Yang sering dilupakan adalah bagaimana nama dan sifat Allah tersebut mampu memberi warna dalam kehidupan setiap muslim. Sehingga tidak sekadar meyakini sifat dan nama-Nya, tapi juga menyadari bahwa sifat Allah membawa tuntutan dalam diri seorang muslim. Kalau Allah mendengar tentu akan mendengar setiap ucapan setiap makhluk-Nya. Oleh sebab itu tidak layak bagi seorang muslim untuk berbicara semaunya? Dia harus menjauhi dusta. Namimah dan ghibah, serta omongan yang profokatif adalah hal buruk yang dibencinya. Karena semua omongan jelek yang keluar dari lisannya pasti didengar oleh-Nya. Karena yakin kalau Allah mendengar, perilakunya adalah refleksi keyakinan bahwa bukan hanya dirinya dan lawan bicara yang mendengarnya. Bukankah Allah telah mengharamkan kelaliman? Yang menyebabkan kita tak pernah sekalipun berpikir untuk melakukannya.

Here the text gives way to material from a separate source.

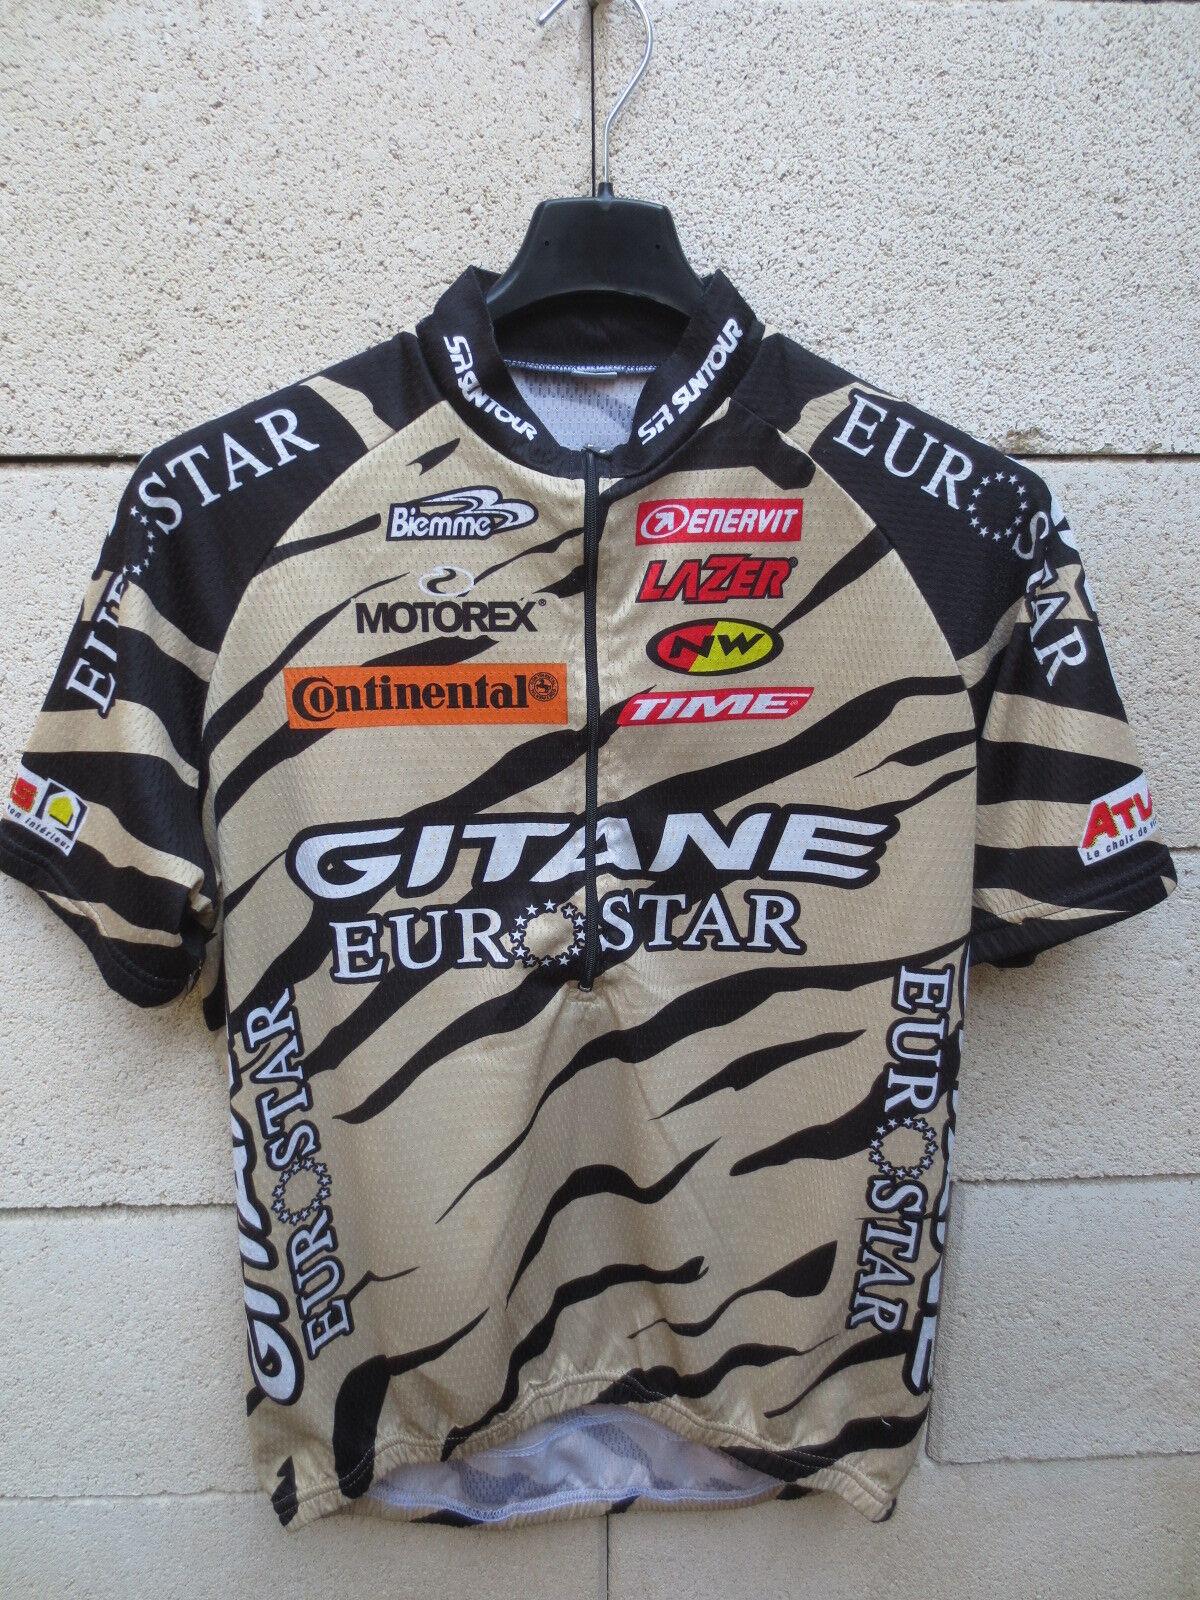 Maillot cycliste GITANE EUROSTAR Biemme cyling jersey shirt M maglia camiseta
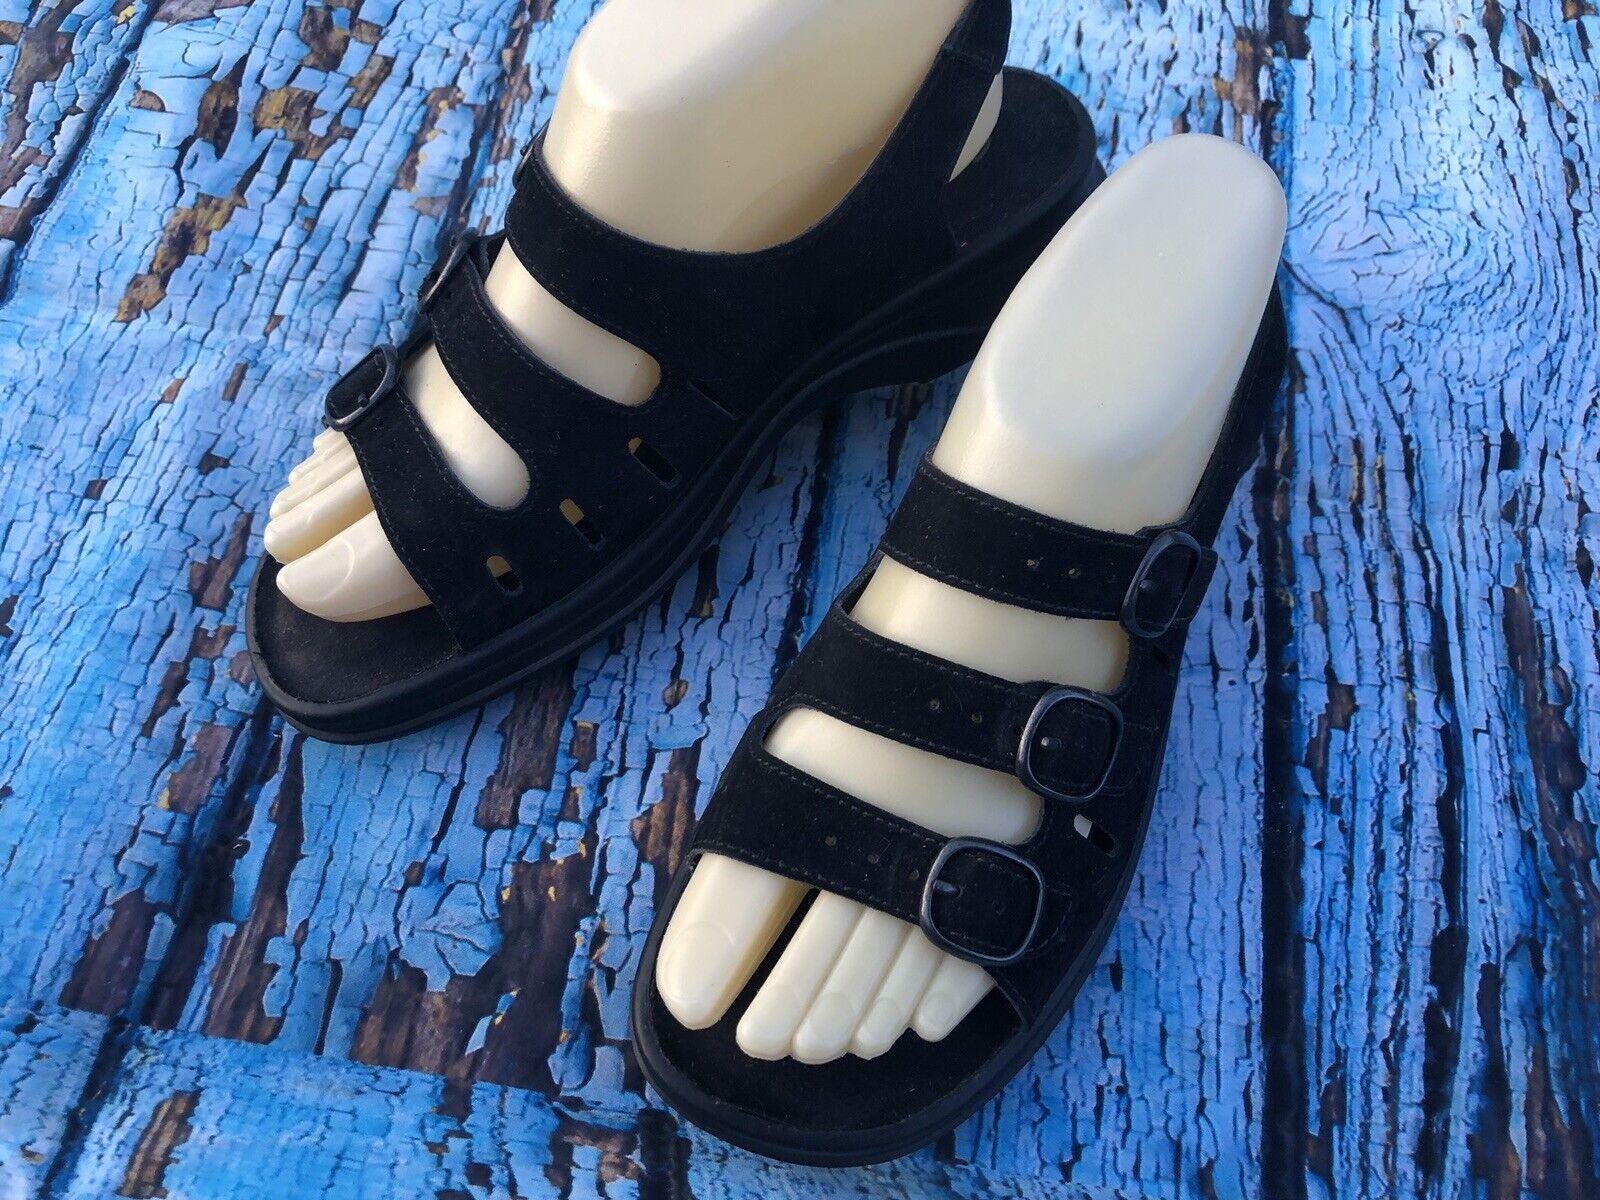 CLARKS SPRINGERS Size 7.5 M Black Nubuck Leather Comfort Sandals Cushioned

Sifat melihat pun begitu. Tidak sedikit yang meyakininya, tapi sulit menemukan orang yang selalu merasa dilihat oleh Allah. Seharusnya tertanam dalam benak setiap muslim , bahwa Allah ta’ala tidak hanya melihat perbuatan baiknya, tetapi juga mengetahui perbuatan buruk dan tercela yang boleh jadi tertutup dari penglihatan manusia. Oleh sebab itu adalah sesuatu yang ironis bila seorang muslim yang harusnya selalu merasa dilihat Allah ta’ala , melakukan hal-hal yang tercela untuk mendapatkan keuntungan duniawi sementara di akhirat nanti niscaya mendapatkan kerugian. Mestinya seorang muslim merasa takut untuk melakukan perbuatan buruk dan tercela, karena Allah ta’ala begitu mengawasi setiap gerak-geriknya.

Silahkan saja orientalis menjadi islamolog karena menempatkan ajaran Islam sekadar ilmu tanpa amalan, tapi seorang muslim jangan sampai hanya sekadar menjadi seorang tauhidolog, menjadikan Tauhid sekadar ilmu dan bahan pelajaran, tanpa disertai keimanan yang mendalam hingga membentuk perilaku muslim yang baik dan terpuji. Wallahu a’lam.